§ **Task instructions**
Return verbatim the run of lines that opens with the line holding "ترتيبات طاولة رومانسية" and closes with the last line of the records.

==== Provided data

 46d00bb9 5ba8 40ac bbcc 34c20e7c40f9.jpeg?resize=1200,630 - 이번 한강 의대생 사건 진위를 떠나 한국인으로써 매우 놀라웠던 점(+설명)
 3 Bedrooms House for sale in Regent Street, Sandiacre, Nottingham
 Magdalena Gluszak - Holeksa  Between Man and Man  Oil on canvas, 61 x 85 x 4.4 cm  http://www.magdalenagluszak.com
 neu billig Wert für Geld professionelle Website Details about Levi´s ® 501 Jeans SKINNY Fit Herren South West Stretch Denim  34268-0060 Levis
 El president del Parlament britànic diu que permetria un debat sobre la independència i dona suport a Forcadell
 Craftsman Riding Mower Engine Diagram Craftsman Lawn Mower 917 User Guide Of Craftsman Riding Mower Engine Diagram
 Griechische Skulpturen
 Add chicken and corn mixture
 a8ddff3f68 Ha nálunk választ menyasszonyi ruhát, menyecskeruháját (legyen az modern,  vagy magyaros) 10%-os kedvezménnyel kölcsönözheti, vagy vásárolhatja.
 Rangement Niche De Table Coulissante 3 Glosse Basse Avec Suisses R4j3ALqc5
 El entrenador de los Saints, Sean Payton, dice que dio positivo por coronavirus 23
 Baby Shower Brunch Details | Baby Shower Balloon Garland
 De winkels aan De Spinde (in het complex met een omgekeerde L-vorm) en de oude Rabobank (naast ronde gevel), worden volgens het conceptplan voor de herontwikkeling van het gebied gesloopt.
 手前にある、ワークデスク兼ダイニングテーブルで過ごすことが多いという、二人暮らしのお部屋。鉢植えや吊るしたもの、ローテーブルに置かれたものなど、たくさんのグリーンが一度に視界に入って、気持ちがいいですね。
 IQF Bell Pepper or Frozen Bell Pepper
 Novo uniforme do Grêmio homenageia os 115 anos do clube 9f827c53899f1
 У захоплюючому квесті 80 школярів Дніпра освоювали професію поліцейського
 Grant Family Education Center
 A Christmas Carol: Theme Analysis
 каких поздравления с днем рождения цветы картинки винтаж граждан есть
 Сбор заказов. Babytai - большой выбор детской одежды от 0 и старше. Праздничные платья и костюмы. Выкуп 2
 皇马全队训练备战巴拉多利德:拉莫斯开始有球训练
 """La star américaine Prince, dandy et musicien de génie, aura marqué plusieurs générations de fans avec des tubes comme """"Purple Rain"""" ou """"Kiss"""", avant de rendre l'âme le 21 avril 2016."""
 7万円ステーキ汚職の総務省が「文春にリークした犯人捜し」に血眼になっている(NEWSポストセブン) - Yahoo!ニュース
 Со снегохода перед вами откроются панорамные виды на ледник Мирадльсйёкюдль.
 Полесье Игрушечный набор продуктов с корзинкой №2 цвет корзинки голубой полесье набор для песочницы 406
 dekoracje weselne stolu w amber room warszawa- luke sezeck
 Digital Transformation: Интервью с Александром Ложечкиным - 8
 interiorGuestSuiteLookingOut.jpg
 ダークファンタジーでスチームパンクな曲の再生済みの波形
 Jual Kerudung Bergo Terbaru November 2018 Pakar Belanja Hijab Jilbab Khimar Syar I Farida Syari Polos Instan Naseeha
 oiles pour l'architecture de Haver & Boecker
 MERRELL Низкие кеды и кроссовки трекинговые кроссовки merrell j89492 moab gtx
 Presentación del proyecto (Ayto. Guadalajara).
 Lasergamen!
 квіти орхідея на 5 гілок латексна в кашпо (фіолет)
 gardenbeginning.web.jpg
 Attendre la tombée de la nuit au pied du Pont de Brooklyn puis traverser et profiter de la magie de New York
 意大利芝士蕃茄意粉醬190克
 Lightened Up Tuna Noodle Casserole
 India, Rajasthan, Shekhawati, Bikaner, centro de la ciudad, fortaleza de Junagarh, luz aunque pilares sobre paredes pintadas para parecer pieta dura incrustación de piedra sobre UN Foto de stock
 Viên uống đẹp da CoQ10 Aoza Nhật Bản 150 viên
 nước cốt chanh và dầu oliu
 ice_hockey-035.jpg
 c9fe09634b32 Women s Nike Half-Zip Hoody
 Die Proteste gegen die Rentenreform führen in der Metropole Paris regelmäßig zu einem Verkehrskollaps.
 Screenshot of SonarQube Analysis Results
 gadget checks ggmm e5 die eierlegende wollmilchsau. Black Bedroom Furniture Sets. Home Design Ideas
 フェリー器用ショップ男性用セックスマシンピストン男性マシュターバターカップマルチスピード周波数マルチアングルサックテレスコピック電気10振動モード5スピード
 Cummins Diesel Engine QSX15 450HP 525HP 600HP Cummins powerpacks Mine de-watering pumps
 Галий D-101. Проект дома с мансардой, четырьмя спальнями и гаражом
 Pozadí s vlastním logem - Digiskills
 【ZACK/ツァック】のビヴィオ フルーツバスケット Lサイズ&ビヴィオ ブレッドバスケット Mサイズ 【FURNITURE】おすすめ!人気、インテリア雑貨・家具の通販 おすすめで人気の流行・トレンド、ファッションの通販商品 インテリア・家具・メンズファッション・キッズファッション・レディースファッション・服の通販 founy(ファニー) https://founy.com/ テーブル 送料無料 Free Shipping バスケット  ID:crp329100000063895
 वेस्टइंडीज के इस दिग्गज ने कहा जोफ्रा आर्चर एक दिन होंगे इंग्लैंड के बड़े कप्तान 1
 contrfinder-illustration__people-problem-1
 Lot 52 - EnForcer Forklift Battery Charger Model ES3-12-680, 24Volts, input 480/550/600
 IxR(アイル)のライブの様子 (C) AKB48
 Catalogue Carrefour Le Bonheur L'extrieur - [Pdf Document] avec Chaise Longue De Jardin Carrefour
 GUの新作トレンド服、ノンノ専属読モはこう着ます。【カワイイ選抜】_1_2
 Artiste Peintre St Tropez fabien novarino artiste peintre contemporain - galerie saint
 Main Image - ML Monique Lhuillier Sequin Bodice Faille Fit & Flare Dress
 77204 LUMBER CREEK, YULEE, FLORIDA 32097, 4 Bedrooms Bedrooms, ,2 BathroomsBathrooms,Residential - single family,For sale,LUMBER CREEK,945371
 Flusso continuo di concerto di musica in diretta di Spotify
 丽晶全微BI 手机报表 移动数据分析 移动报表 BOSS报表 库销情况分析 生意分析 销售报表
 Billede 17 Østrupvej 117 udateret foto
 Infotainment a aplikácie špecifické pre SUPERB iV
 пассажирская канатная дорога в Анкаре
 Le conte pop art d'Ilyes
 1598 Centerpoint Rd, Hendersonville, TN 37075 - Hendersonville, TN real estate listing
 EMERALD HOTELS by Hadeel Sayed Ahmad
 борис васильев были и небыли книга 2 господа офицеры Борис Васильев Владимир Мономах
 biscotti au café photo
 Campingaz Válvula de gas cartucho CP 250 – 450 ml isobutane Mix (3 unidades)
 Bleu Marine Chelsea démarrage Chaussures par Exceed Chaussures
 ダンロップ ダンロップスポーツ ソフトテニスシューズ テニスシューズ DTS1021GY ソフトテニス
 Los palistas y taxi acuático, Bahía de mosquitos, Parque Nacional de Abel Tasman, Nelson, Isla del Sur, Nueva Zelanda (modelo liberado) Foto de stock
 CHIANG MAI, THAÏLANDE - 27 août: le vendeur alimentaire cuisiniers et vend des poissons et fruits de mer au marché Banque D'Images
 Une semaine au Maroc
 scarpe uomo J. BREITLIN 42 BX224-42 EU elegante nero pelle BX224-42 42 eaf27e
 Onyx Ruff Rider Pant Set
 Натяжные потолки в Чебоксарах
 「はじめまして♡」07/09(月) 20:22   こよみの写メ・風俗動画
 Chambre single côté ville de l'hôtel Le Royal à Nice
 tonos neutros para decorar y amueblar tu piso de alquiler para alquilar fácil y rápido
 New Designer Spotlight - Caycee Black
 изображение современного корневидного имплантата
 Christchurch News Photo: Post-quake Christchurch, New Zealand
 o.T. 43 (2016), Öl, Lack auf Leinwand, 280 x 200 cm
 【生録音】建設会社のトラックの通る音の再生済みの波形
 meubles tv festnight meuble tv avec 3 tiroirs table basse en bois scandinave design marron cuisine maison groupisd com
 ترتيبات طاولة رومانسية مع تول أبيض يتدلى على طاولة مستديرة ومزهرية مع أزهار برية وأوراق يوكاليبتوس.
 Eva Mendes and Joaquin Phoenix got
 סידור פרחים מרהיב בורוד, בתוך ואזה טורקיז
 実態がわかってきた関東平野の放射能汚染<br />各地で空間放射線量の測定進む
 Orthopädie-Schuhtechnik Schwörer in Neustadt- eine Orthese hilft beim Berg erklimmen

========

§ **Response to the task**
 ترتيبات طاولة رومانسية مع تول أبيض يتدلى على طاولة مستديرة ومزهرية مع أزهار برية وأوراق يوكاليبتوس.
 Eva Mendes and Joaquin Phoenix got
 סידור פרחים מרהיב בורוד, בתוך ואזה טורקיז
 実態がわかってきた関東平野の放射能汚染<br />各地で空間放射線量の測定進む
 Orthopädie-Schuhtechnik Schwörer in Neustadt- eine Orthese hilft beim Berg erklimmen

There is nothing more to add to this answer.